The DRB Class 42 was a type of steam locomotive produced for the Deutsche Reichsbahn. It is one of the three main classes of the so-called war locomotives (Kriegslokomotiven), the other two being class 50 and 52.

Seventy of the class were captured during World War II by the Soviet Union; under Russian ownership they were given the classification TL (ТЛ).

History 
These engines, built from 1943 onwards, were the second heavy locomotive class of this type after the DRG Class 52. They were built for duties on routes that were cleared for a higher axle load, because they were more economical there than the  KDL 1 Kriegslokomotiven of Class 52. In principle they were slimmed down 44s. The Class 42 was procured as Kriegslokomotive KDL 3.

The total of 859 units had a number of improvements to the driving and running gear. Originally it was intended to build very large numbers of these engines, but the end of the Second World War put paid to that. A condenser locomotive, based on the Class 42 was also planned, but did not come to fruition.

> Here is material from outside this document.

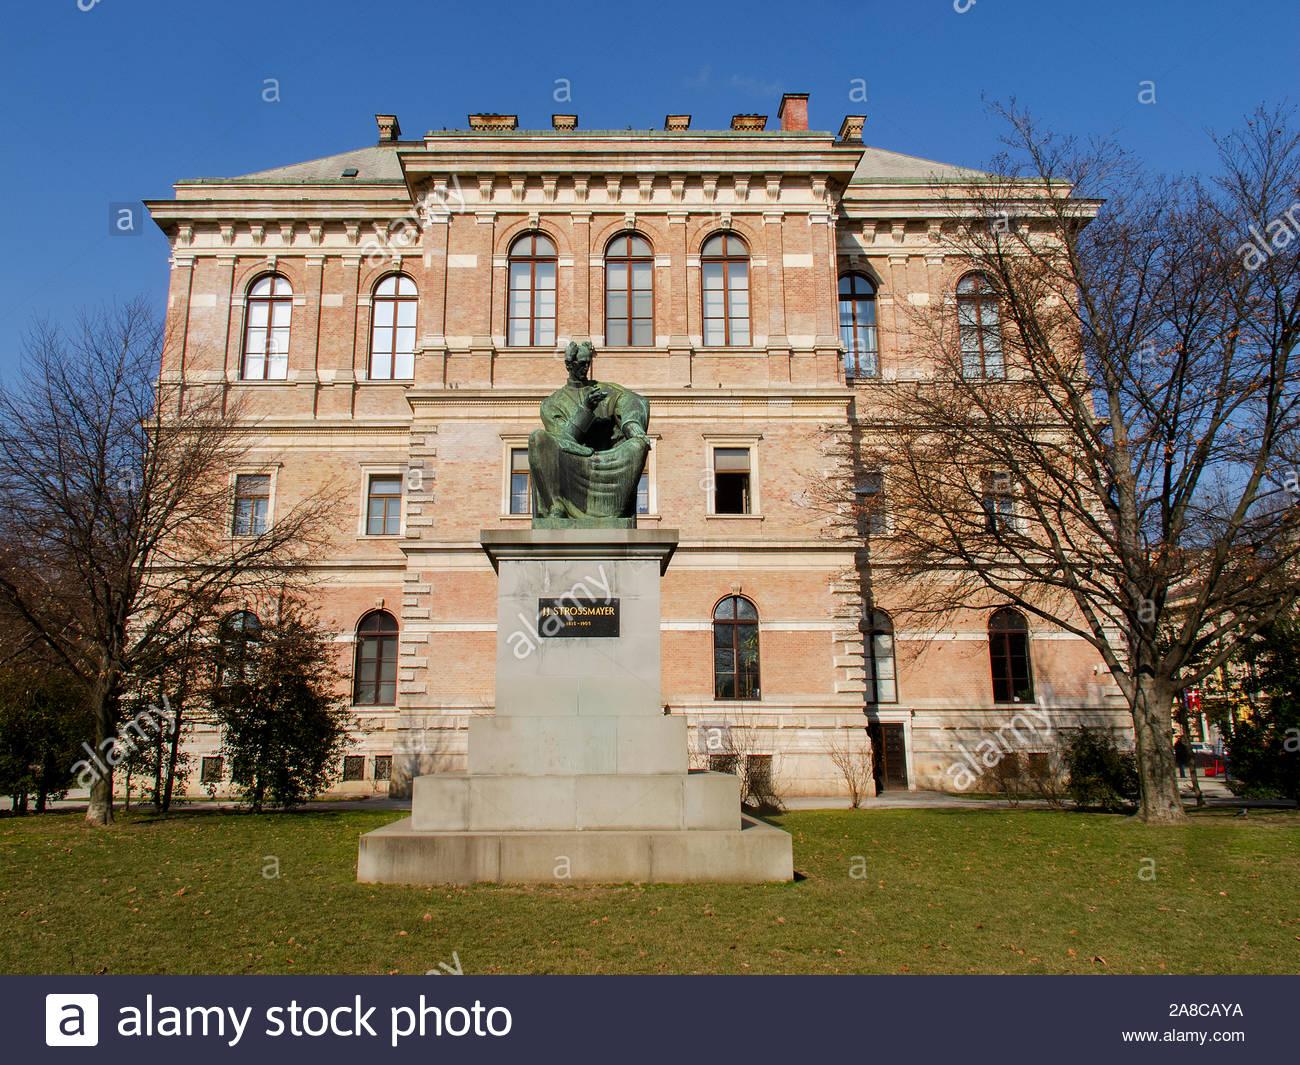 ZAGREB, CROATIA - FEBRUARY 2015 Statue of Josip Juraj Strossmayer in front of the Croatian Academy of Science and Arts 8045 Stock Photo

At the end of the war there were still half-finished engines in the workshops. So after 1945, 16 engines were built for the Reichsbahn in the western zone by the Maschinenfabrik Esslingen ('Esslingen Locomotive Works'). 126 engines were built by Polish factories for the  PKP in Poland as Class Ty43 and three ex DRG engines also went over to the PKP as Class Ty3. Another 76 units were produced by the Lokomotivfabrik Floridsdorf in Vienna. These were not built for the Austrian Federal Railways (ÖBB), but were sold in 1949 to the CFL in Luxembourg - 20 engines (CFL class 55), in 1952 to Bulgarian State Railways (BDZ) - 33 pcs (BDZ class 16). and the rest to DR and various industrial enterprises in East Germany.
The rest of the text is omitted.